Одной из самых интересных глав нам показалась глава о Брюсове и его переводе начала «Ада»: Ланда замечает, что образ Данте для Брюсова сводился к неоромантическим штампам отверженного поэта, знатока мук Ада. Но при этом она (с. 274) подробно воспроизводит и анализирует реконструкцию переводческих принципов Брюсова М.Л. Гаспаровым, указавшим, как после кризиса второй половины 1900-х гг., поражения первой революции и, соответственно, краха идеи о вписанности России в мировую культуру Брюсов пришел к идее замкнутых национальных миров, что привело к переводческому буквализму. Из сличения редакций перевода Ланда делает вывод, что «еще в середине десятых годов Брюсов не расставался с некоторыми из своих ранних воззрений на поэтический перевод» (там же), иначе говоря, продолжал лелеять неоромантический миф о Данте как alter ego декадента и проклятого поэта, и такой опыт эмпатии оказался важен и для Лозинского, создавшего канонического русского Данте — без ноты эмпатии опыт Лозинского был бы неполон.

Тем интереснее некоторые невольные аберрации в труде Ланды. Например, цитируя одну из первых рецензий на перевод Лозинского, принадлежащую Б.Г. Реизову, Ланда замечает, что рецензент в переводе «особо выделял <...> эмоциональное богатство, отличающее его от переводов прошлых лет» (с. 398). Но в приведенной выносной цитате нет ничего о прошлых годах, все высказывание выдержано в духе эпигонского романтизма, для которого Данте — это эпизод Франчески да Римини и подобные мелодраматические фрагменты внутри большого целого. Слова из рецензии «гибкий, сжатый стих, музыкальный и живописный в одно и то же время», совершенно ни к чему не обязывали ни переводчика, ни рецензента. Несколько ниже (с. 401), правда, Ланда фактически поясняет, что под эмоциональным богатством имеется в виду богатство эмоций человека ХХ в., а не самого Данте.
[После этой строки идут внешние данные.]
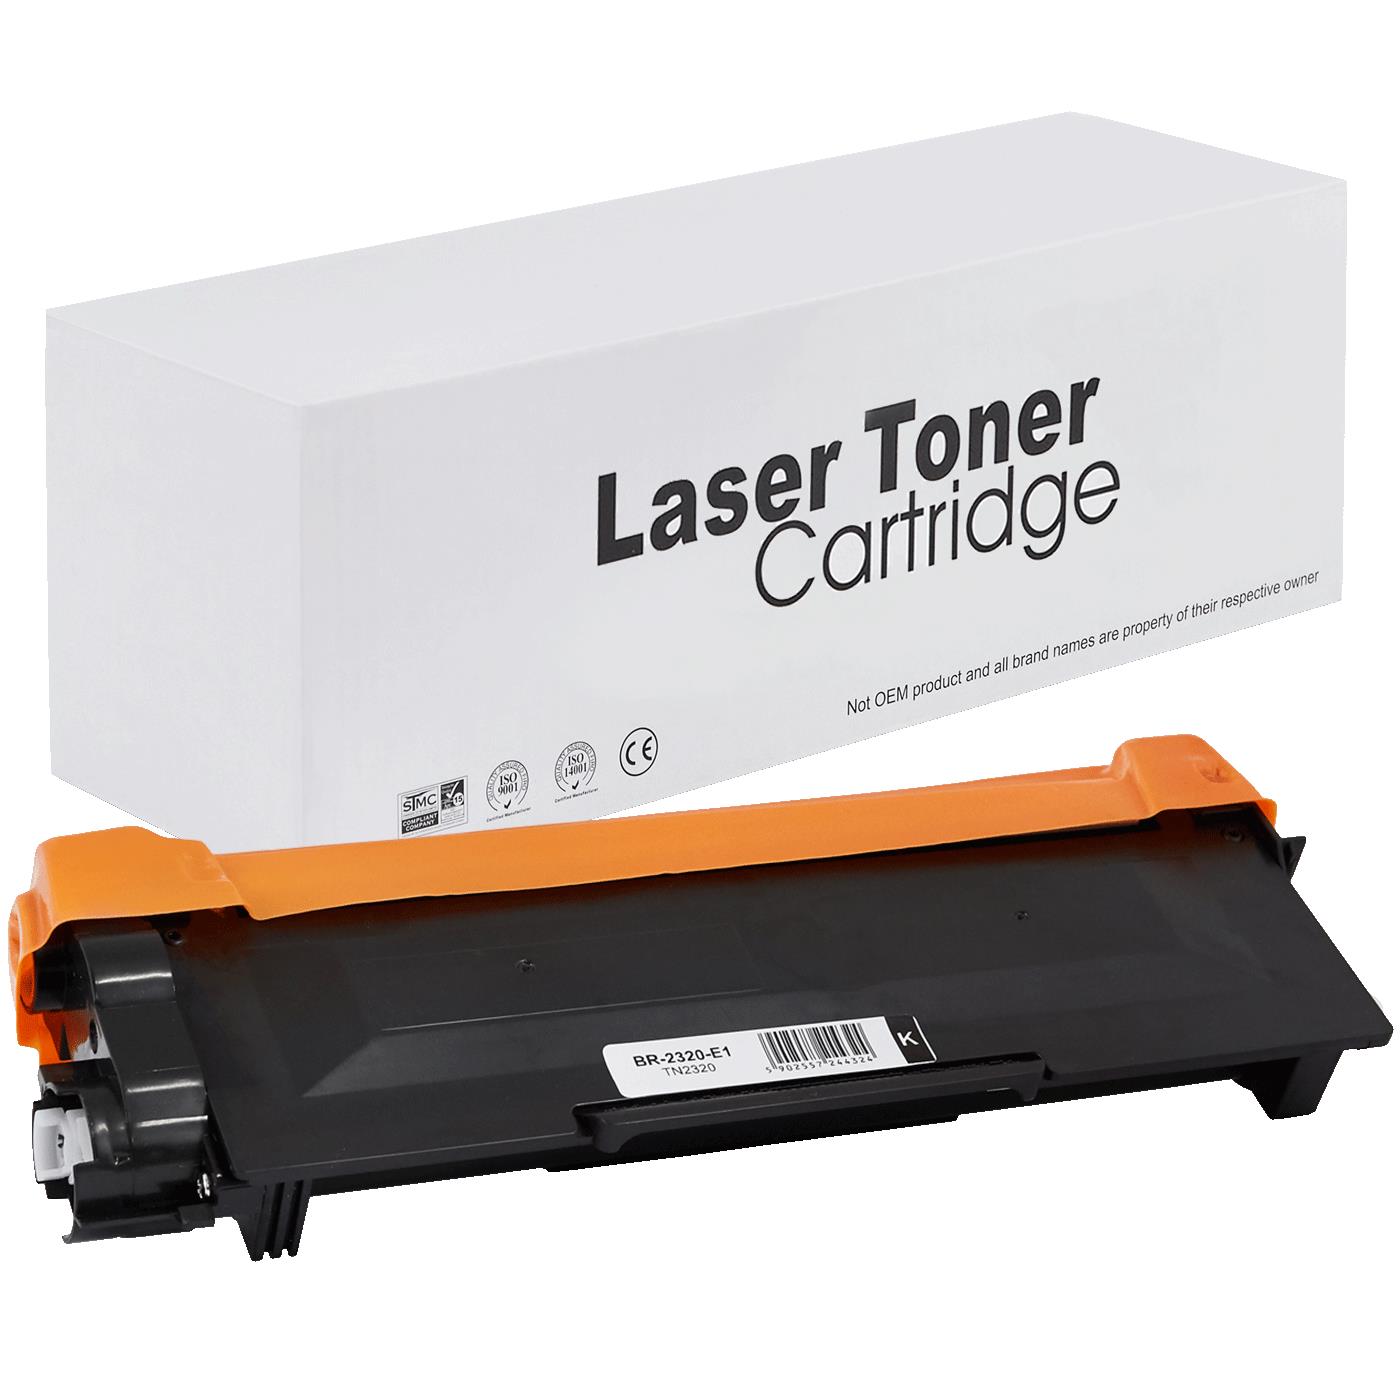 съвместима тонер касета за принтери и печатащи устройства на Brother HL-L 2300 SERIES Toner BR-2320 | TN2320 / TN2310 / TN-2320. Ниски цени, прецизно изпълнение, високо качество.

Утверждая в споре с Пановой, что в ранних стихах Лозинского уже есть сильное влияние стилистики дантовской «Божественной комедии», Ланда замечает, что лучше говорить «о несомненных влияниях индивидуальной манеры Лозинского на великое творение последних лет его жизни» (с. 423). Иначе говоря, для Ланды важно, при каких условиях сама русская поэзия становится лабораторией экспериментов не просто формальных, но меняющих содержание литературного опыта, таких как «употребление устаревшей лексики, торжественная интонация высокого стиля, предельная абстрактность предмета повествования, недоговоренность, обилие сложных слов с отрицательными префиксами, мотив плотской страсти в контексте духовной реальности, наконец, мотив власти “я” над этой духовной реальностью» (там же). При этом Ланда соглашается с Пановой, не включившей пионерское эссе И.Ф. Бэлзы о «Разговоре о Данте» Мандельштама в библиографический список к статье «Данте Алигьери» «Мандельштамовской энциклопедии» (с. 455), потому что оно явно написано музыковедом, а не дантологом, иначе говоря, для нее развитие литературы и литературоведческой науки определяют не музыковеды, а профессиональные дантологи, ставшие и профессиональными мандельштамоведами. Поэтому опыт Седаковой так для нее важен в сравнении с опытом не только Маранцмана, но и Илюшина: она вполне профессиональный мандельштамовед.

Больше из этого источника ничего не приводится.